SpokestackAdapter is a class; speechEvent is a method on that class which you’ll need to override in order to receive events related to the speech pipeline. So in Java, you’re looking for something like

public final class MyListener extends SpokestackAdapter {
    
    @Override
    public void speechEvent(SpeechContext.Event event,
                            SpeechContext context) {
        if (event == SpeechContext.Event.ACTIVATE) {
            // your code here
        }
    }
}

Then you’d pass an instance of MyListener to the addListener call. Depending on how your app’s organized, you could make an inner class in your activity that extends SpokestackAdapter and include that method override. We do this in a lot of our sample apps.

To handle other events, replace the if statement with a switch:

        switch (event) {
            case ACTIVATE:
                break;
            case DEACTIVATE:
                break;
            case PARTIAL_RECOGNIZE:
                break;
            case RECOGNIZE:
                break;
            case TIMEOUT:
                break;
            case ERROR:
                break;
            case TRACE:
                break;
        }

The API reference for SpeechContext.Event gives brief descriptions of each event.

1 Like

Ohh okay. I’ll try doing that and hopefully, I don’t run into any other issue.
Once again, thank you so much for your help!

1 Like

No problem; happy to help!

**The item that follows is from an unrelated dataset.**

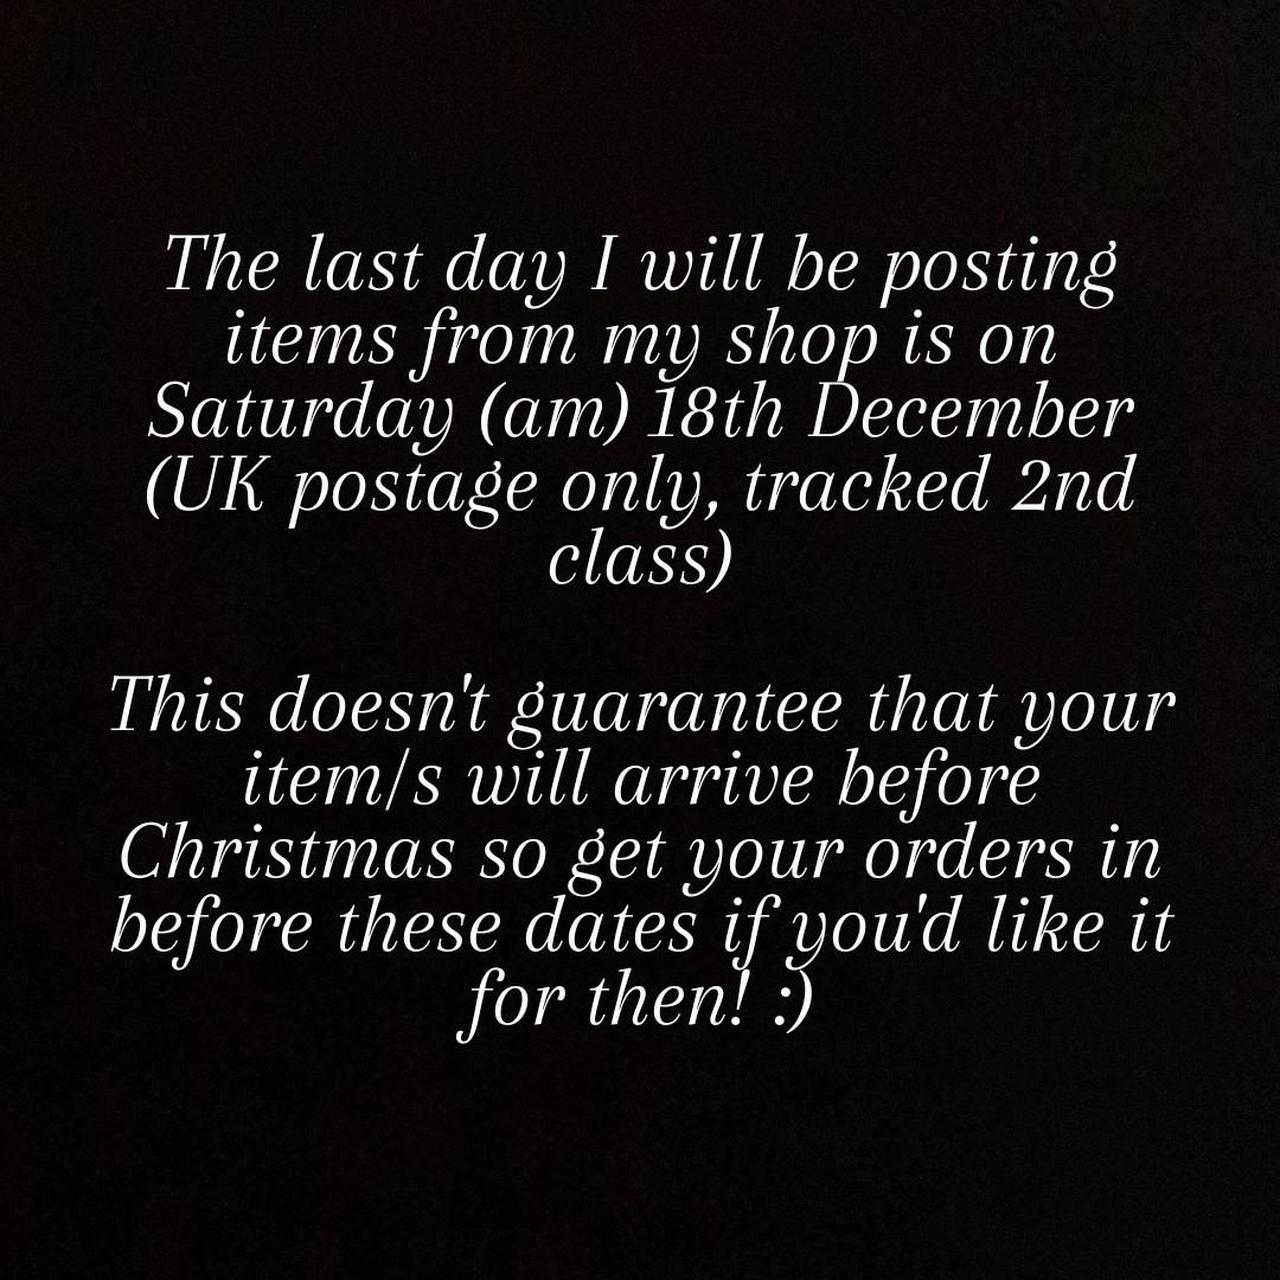 Product Image 4 - Last Christmas postage dates (posted

Let us know if you have problems or ideas for documentation that would help you navigate the library better.

Hello again,

I have an issue where the wake word was not being detected when running the application. So I go through the Logcat and I find a big System.err but I will only attach the line that I think is most important; it is:

Caused by: java.lang.IllegalArgumentException: Contents of /WakeWord-Models/filter.tflite does not encode a valid TensorFlow Lite model: Could not open '/WakeWord-Models/filter.tflite'.

And basically I have my three .tflite files under the WakeWord-Models directory contained within the same directory of the MainActivity I’m working on.

So, could you please tell me how to resolve this?

You’ll want to read up on how Android handles non-code resources. You can’t store non-code files alongside code like that. To distribute the models along with your app (as opposed to downloading them at runtime), you’ll want to use the assets folder then decompress the files from there to somewhere else (probably your app’s cache directory) on first launch.

There’s an example of decompressing models in our skeleton app, but it’s in Kotlin. The general process is:

  • check if the files already exist (if this isn’t the first launch)
  • use the AssetManager to grab each file in order, open the asset and copy the input stream to an output stream writing to a file in the cache directory
1 Like

A quick update to this: We recently released version 11.5.0 of the Android library, which includes the TFWakewordEmptyASR profile I described above, so you won’t have to write that piece yourself anymore.